**PROBLEM TO WORK ON:**
Down to the last line, set down the listing below exactly, apart from its pictures.

**RECORDED DATA:**
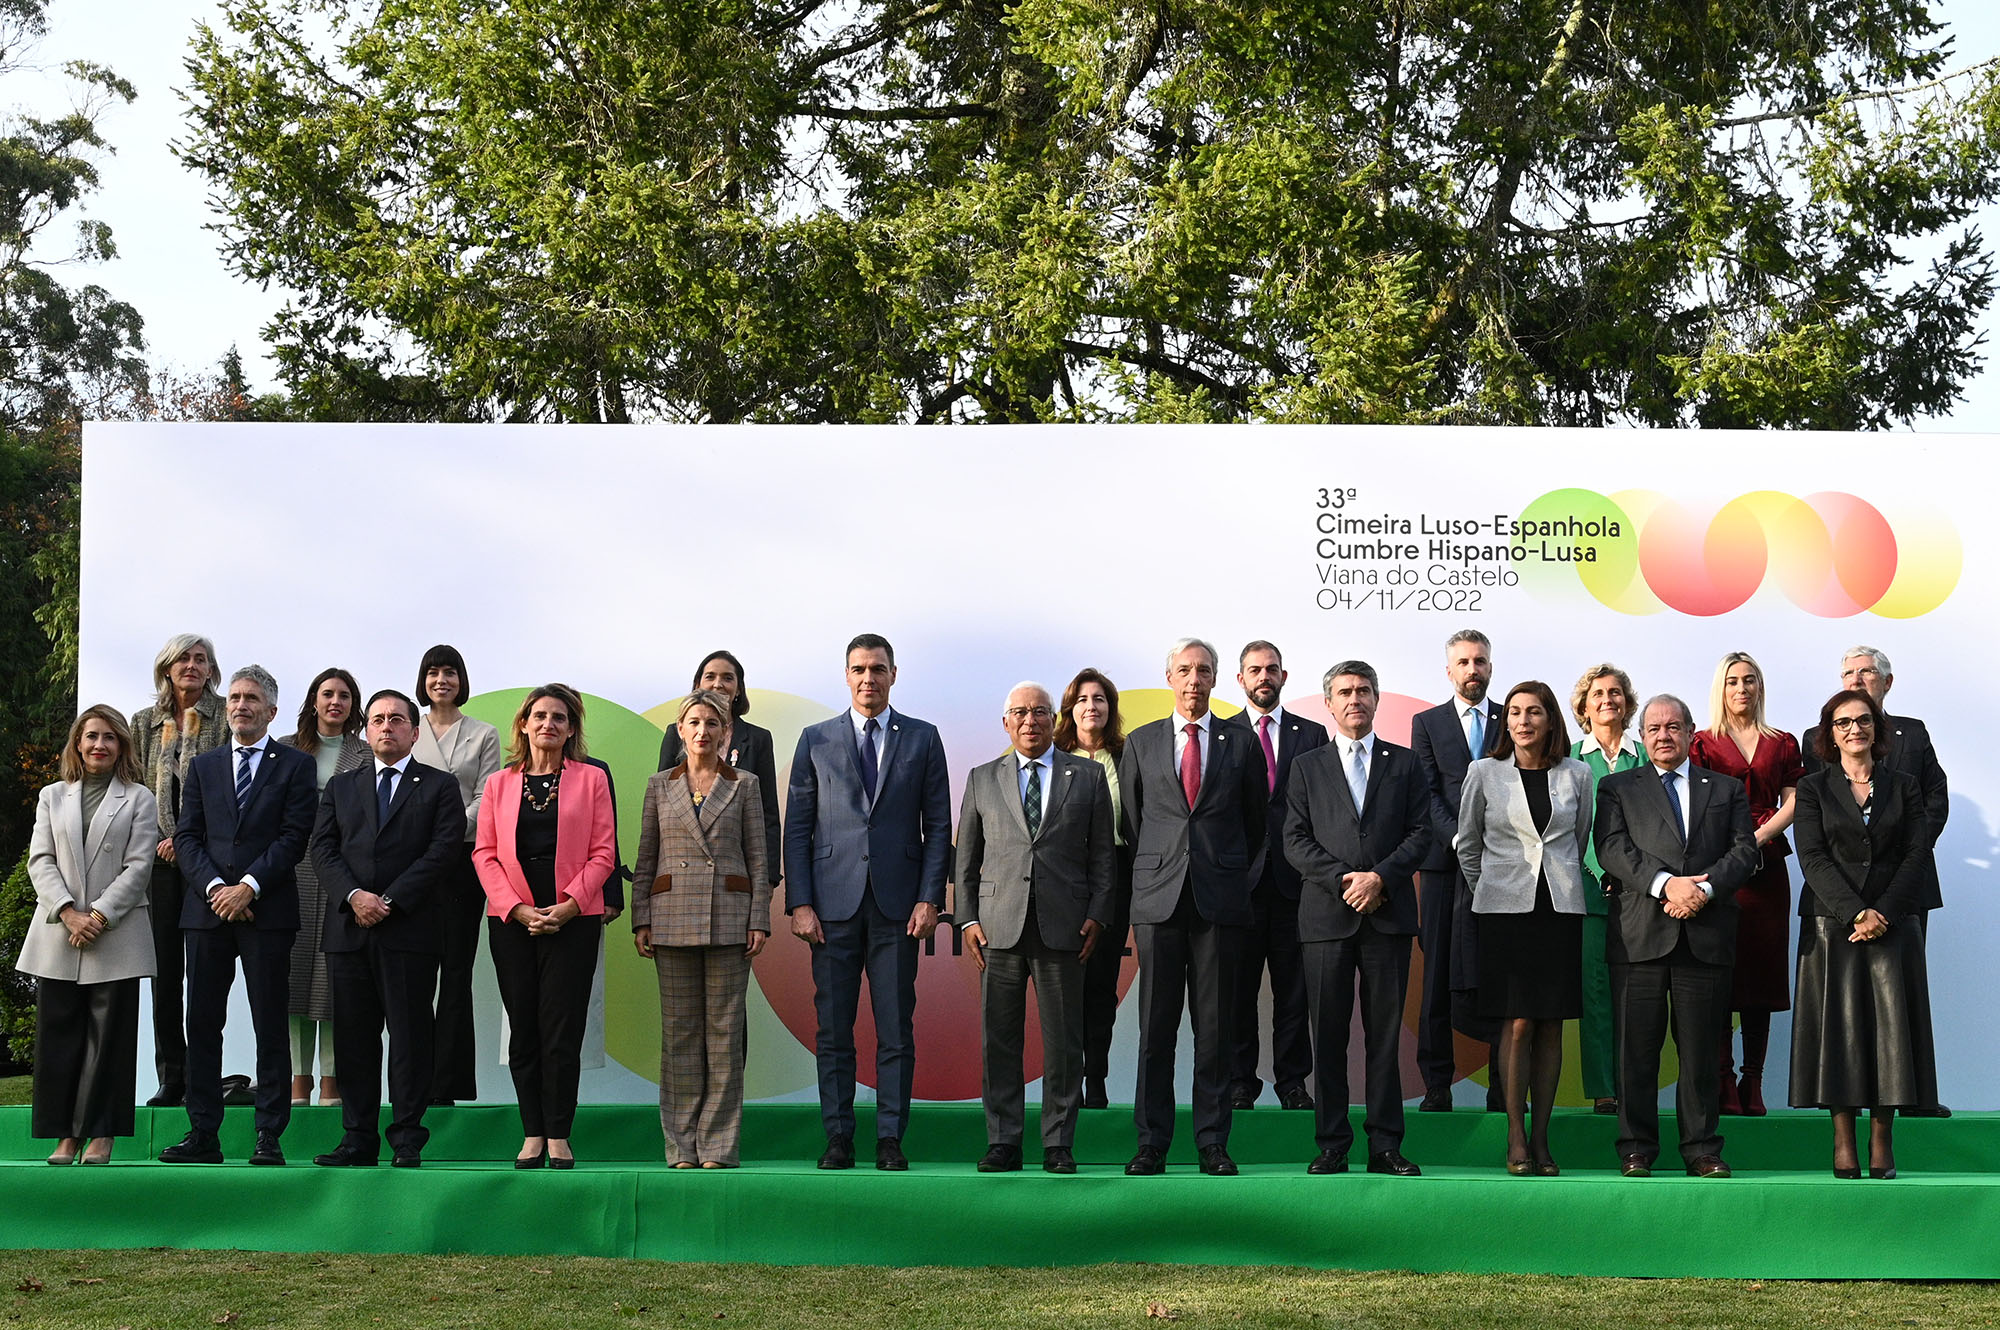 Foto de familia de los miembros de los gobiernos español y portugués participantes en la Cumbre hispano-lusa
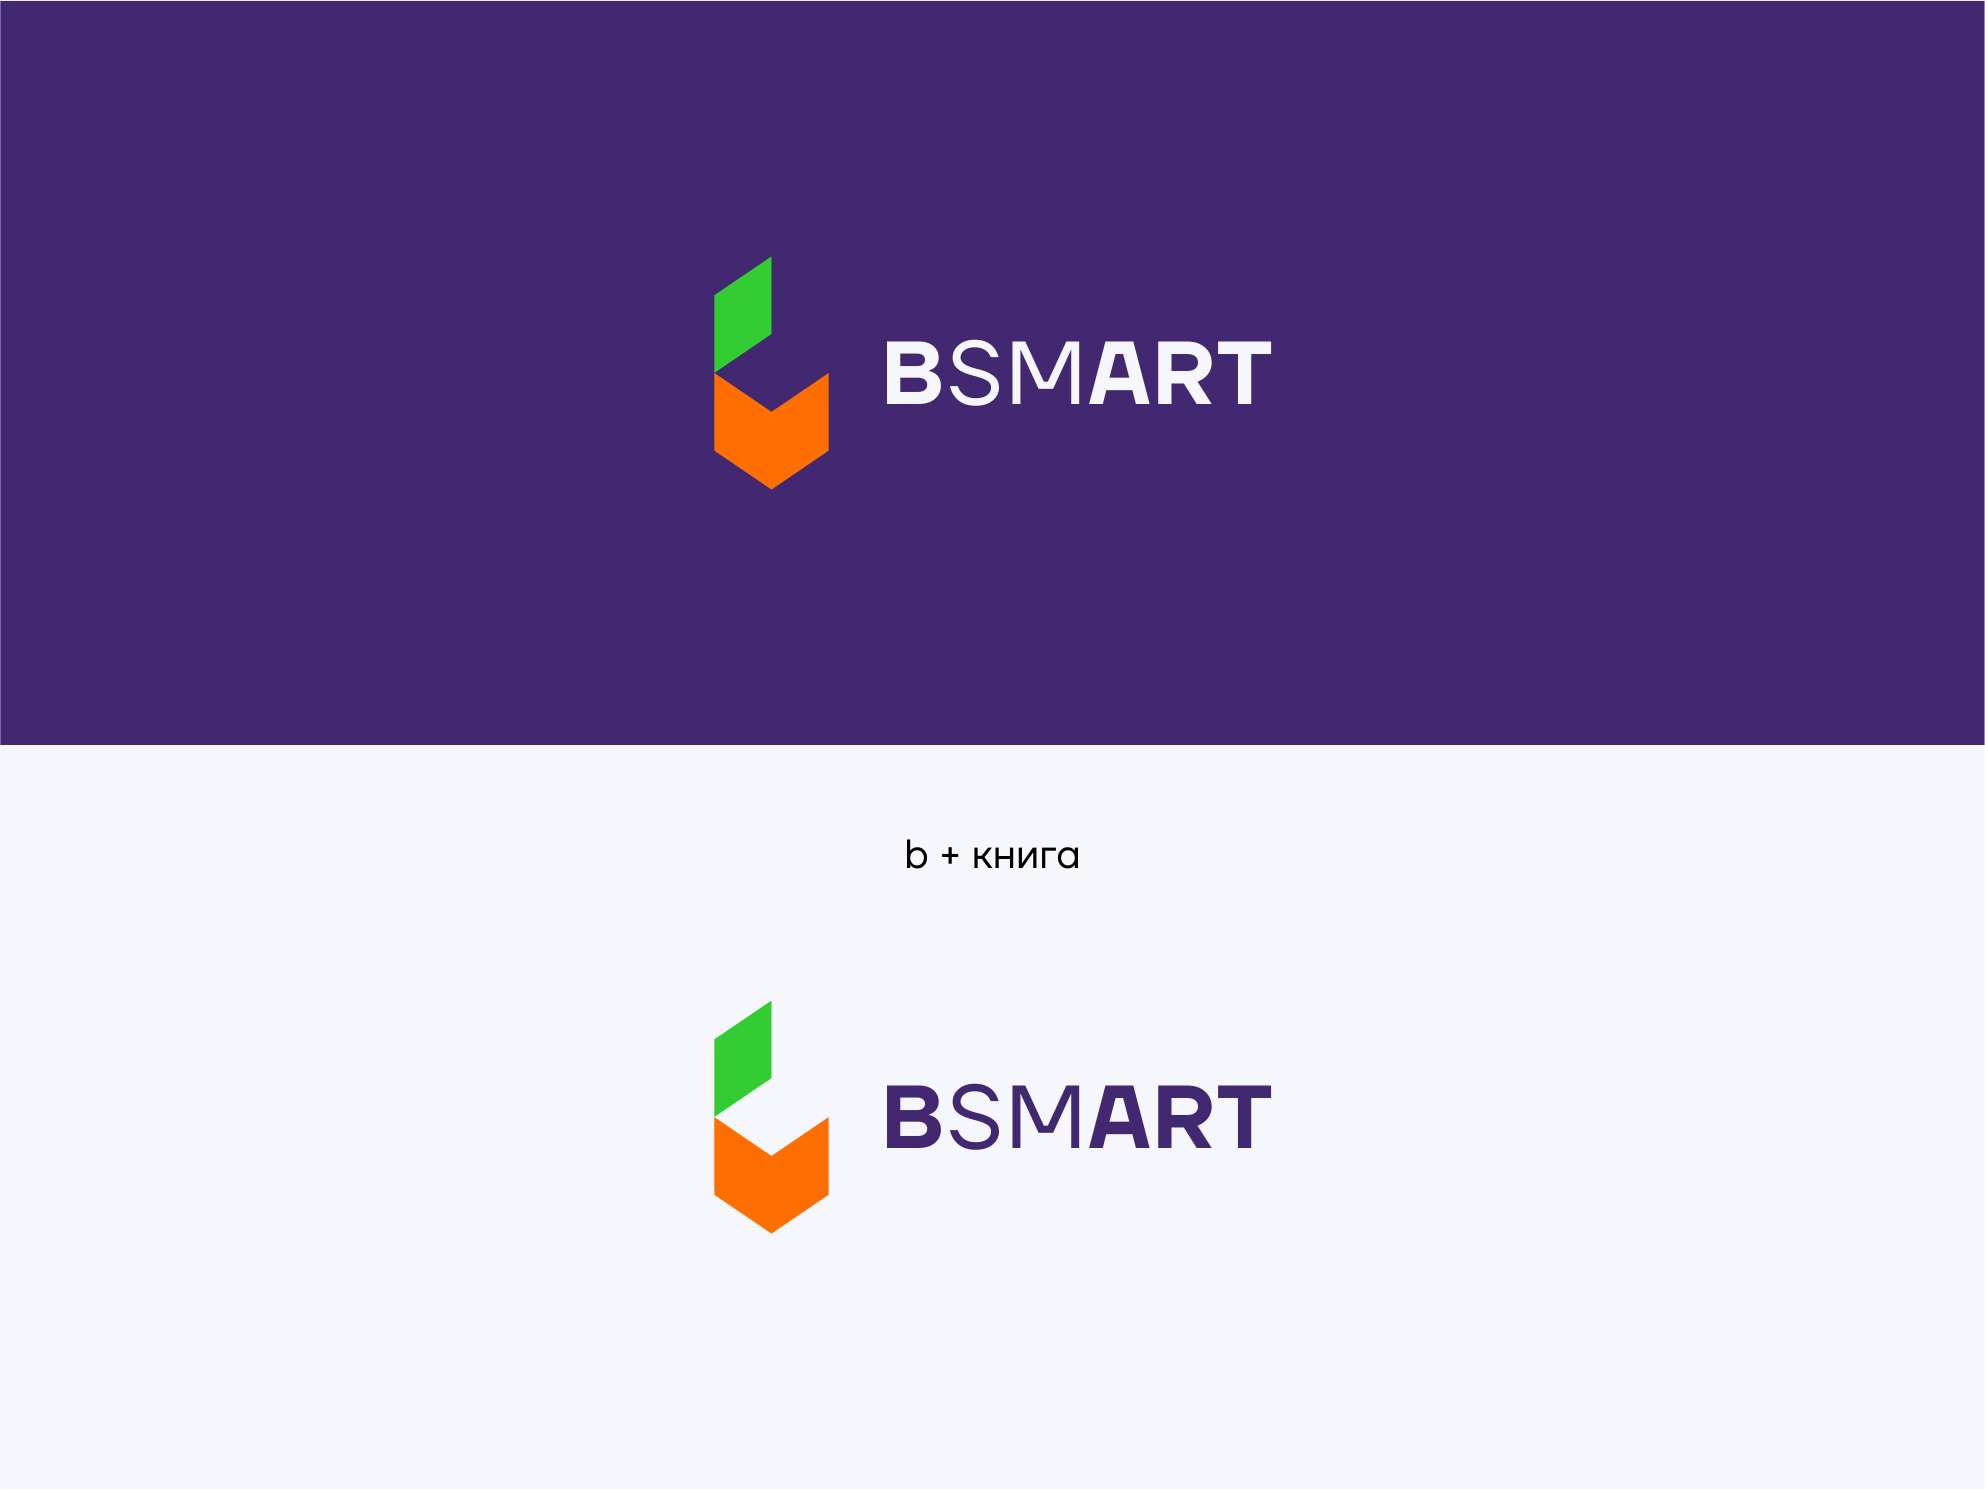 BSMART_1.png
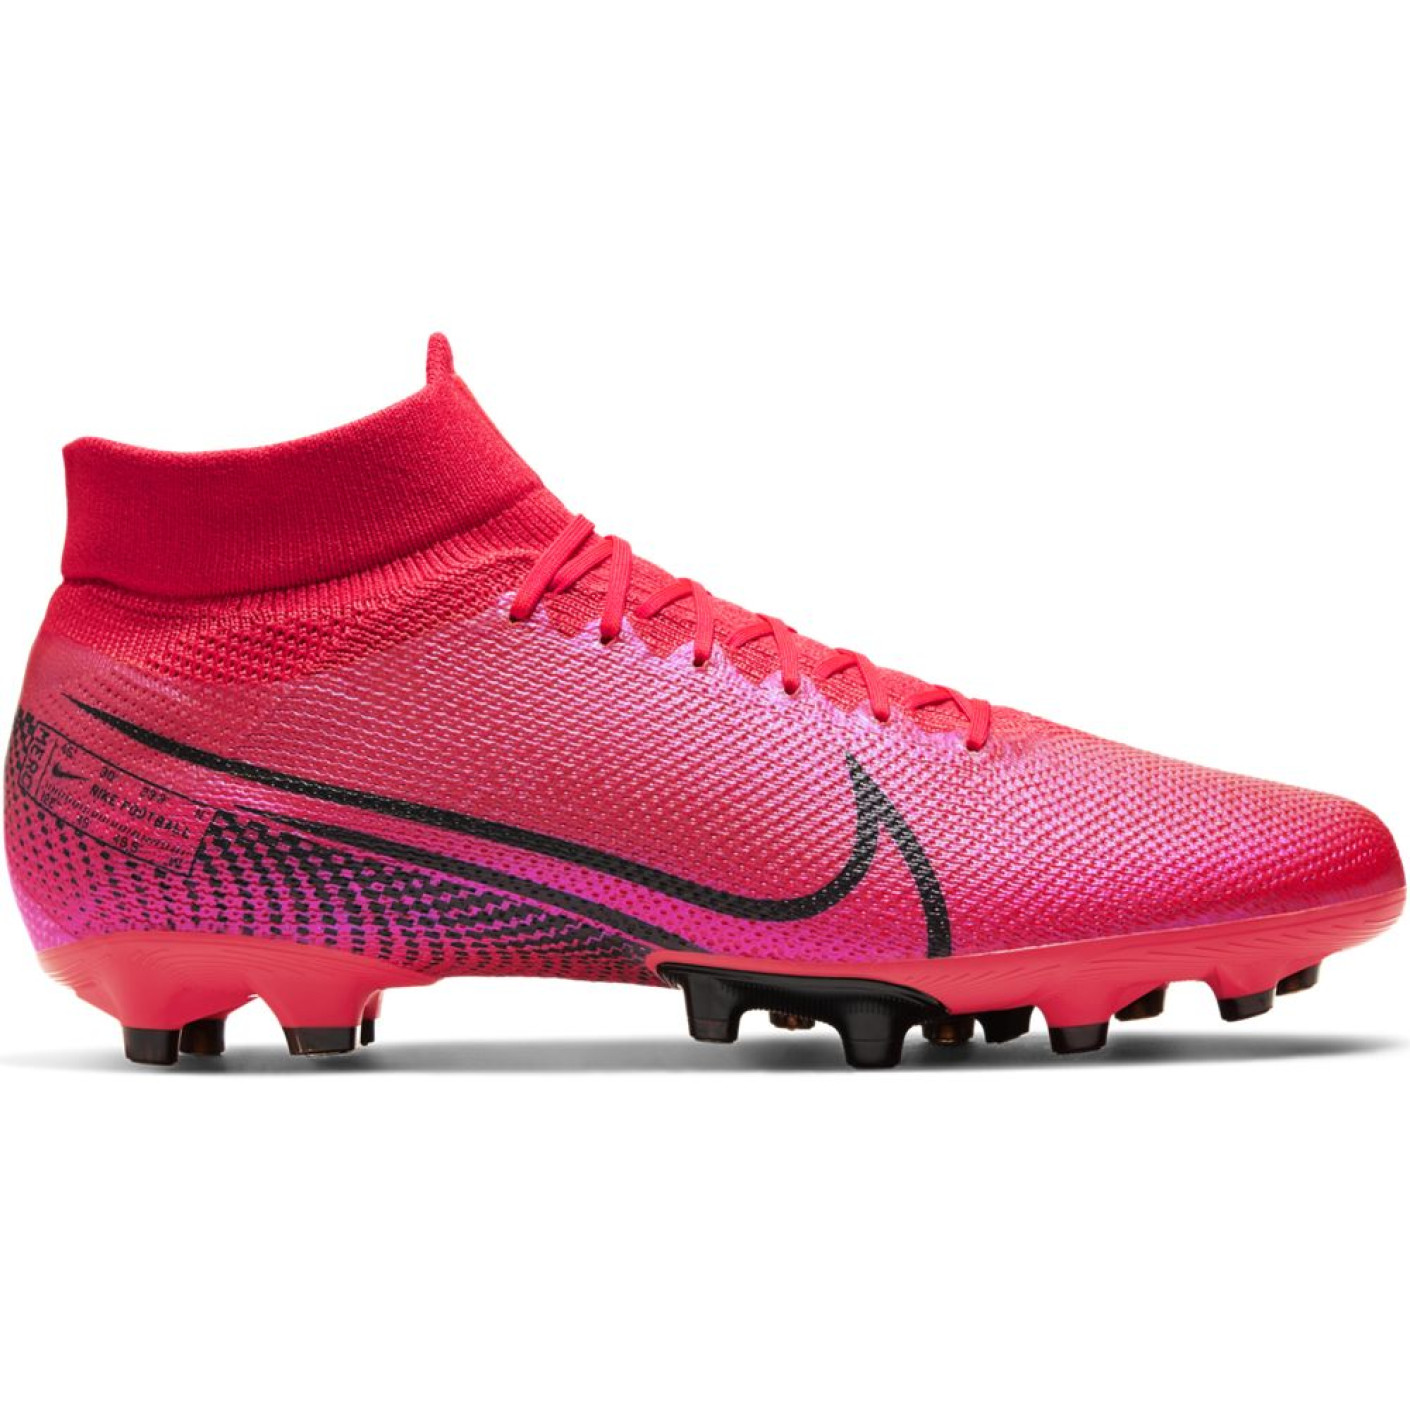 Van streek leven geld Nike Mercurial Superfly 7 Pro Kunstgras Voetbalschoenen (AG) Roze Zwart

**EXERCISE RESPONSE:**
 Foto de familia de los miembros de los gobiernos español y portugués participantes en la Cumbre hispano-lusa
 BSMART_1.png
 Van streek leven geld Nike Mercurial Superfly 7 Pro Kunstgras Voetbalschoenen (AG) Roze Zwart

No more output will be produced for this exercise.